Calculate statistics of the UCF101 dataset

docker run --rm -v $PWD:/tgan2 -t tgan2 \
bash -c "cd /tgan2 && \
python3 scripts/compute_fid.py \
--ucf101-h5path-train datasets/ucf101_192x256/train.h5 \
--ucf101-config-train datasets/ucf101_192x256/train.json \
--c3d-pretrained-model datasets/models/conv3d_deepnetA_ucf.npz \
--stat-output datasets/ucf101_192x256/ucf101_192px_stat.npz"

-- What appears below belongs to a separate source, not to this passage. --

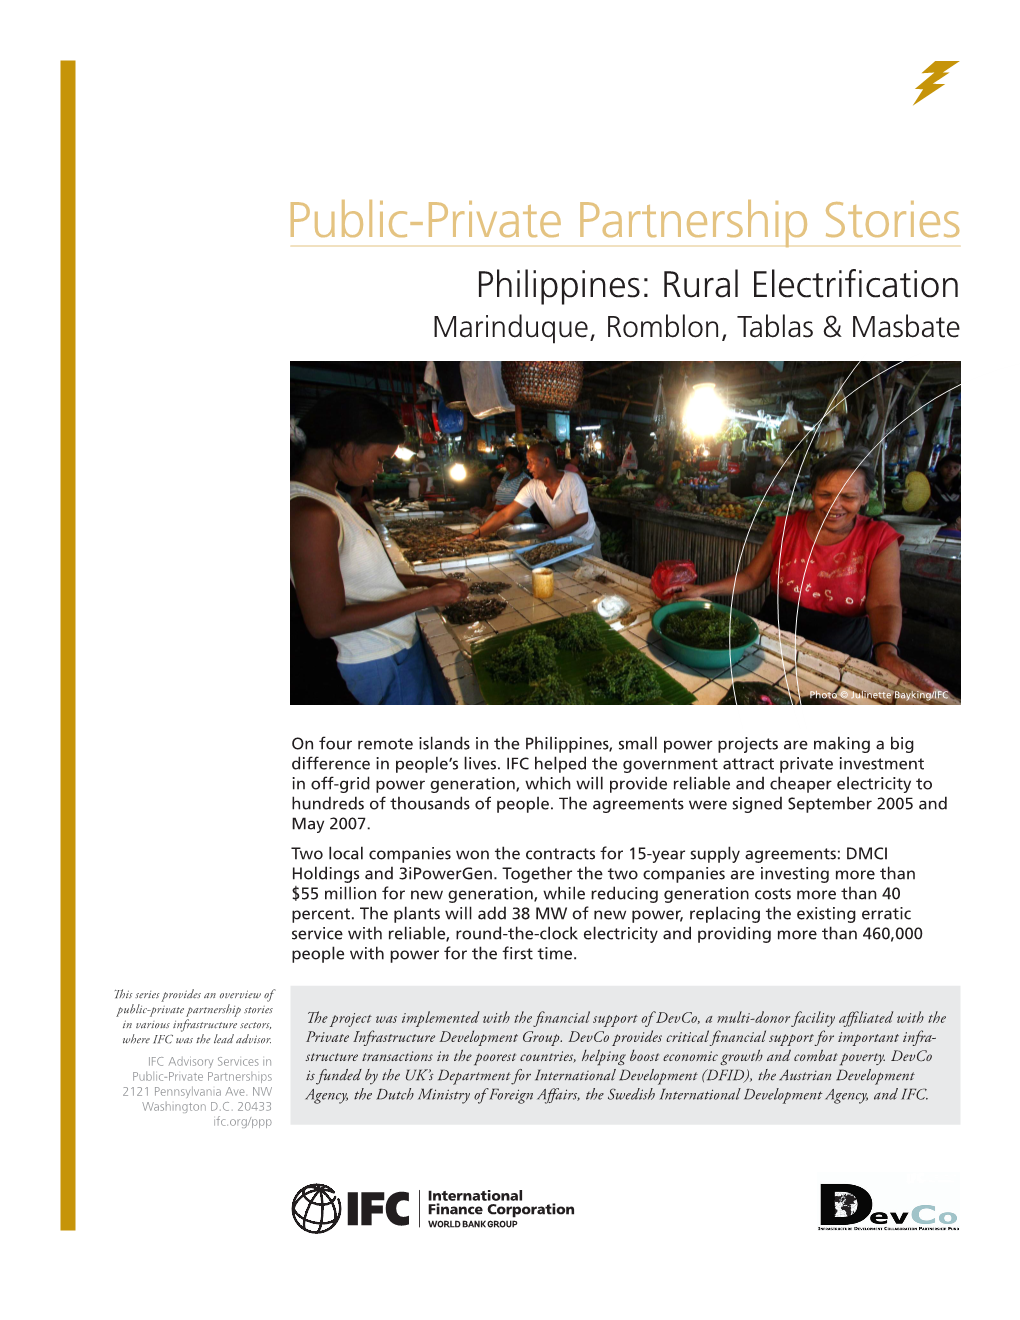 Public-Private Partnership Stories Philippines: Rural Electrification Marinduque, Romblon, Tablas & Masbate

This command saves the resulting statistics of UCF101 (192x192 resolution) to the path given by --stat-output option.

Calculate the FID score of a given trained model

docker run --rm -v $PWD:/tgan2 -t tgan2 \
bash -c "cd /tgan2 && \
python3 scripts/compute_fid.py \
--stat-filename datasets/ucf101_192x256/ucf101_192x256_stat.npz \
--config results/full-bs-128/config.yml \
--gen-snapshot results/full-bs-128/generator_iter_82000.npz \
--n-samples 2048 \
--batchsize 32 \
--result-dir results/full-bs-128"

--batchsize 32 comsumes about 13245MiB of the GPU memory, while --batchsize 64 requires about 24261MiB and --batchsize 80 requries about 32171MiB. If you run this on a 32 GB V100 GPU, choose 64 or 80 for the batchsize to make the calculation faster.

Results

Model	UCF101
Conv3D (gen: conv3d, dis: conv3d)	9.53
Conv-ResNet (gen: conv3d, dis: resnet)	9.74
ResNet3D (gen: resnet, dis: resnet)	9.62
TGAN (v1)	11.85 +- 0.07
TGANv2 (gen: convLSTM+MultiResNet dis: MultiResNet)	25.07 +- 0.47

The FID score of TGANv2 on UCF101 is 3457.42 +- 26.81.

Citation

Please cite this paper when you use the code in this repository:

@journal{TGAN2020,
    author = {Saito, Masaki and Saito, Shunta and Koyama, Masanori and Kobayashi, Sosuke},
    title = {Train Sparsely, Generate Densely: Memory-efficient Unsupervised Training of High-resolution Temporal GAN},
    booktitle = {International Journal of Computer Vision},
    year = {2020},
    month = may,
    doi = {10.1007/s11263-020-01333-y},
    url = {https://doi.org/10.1007/s11263-020-01333-y},
}

You can find our paper also on arxiv.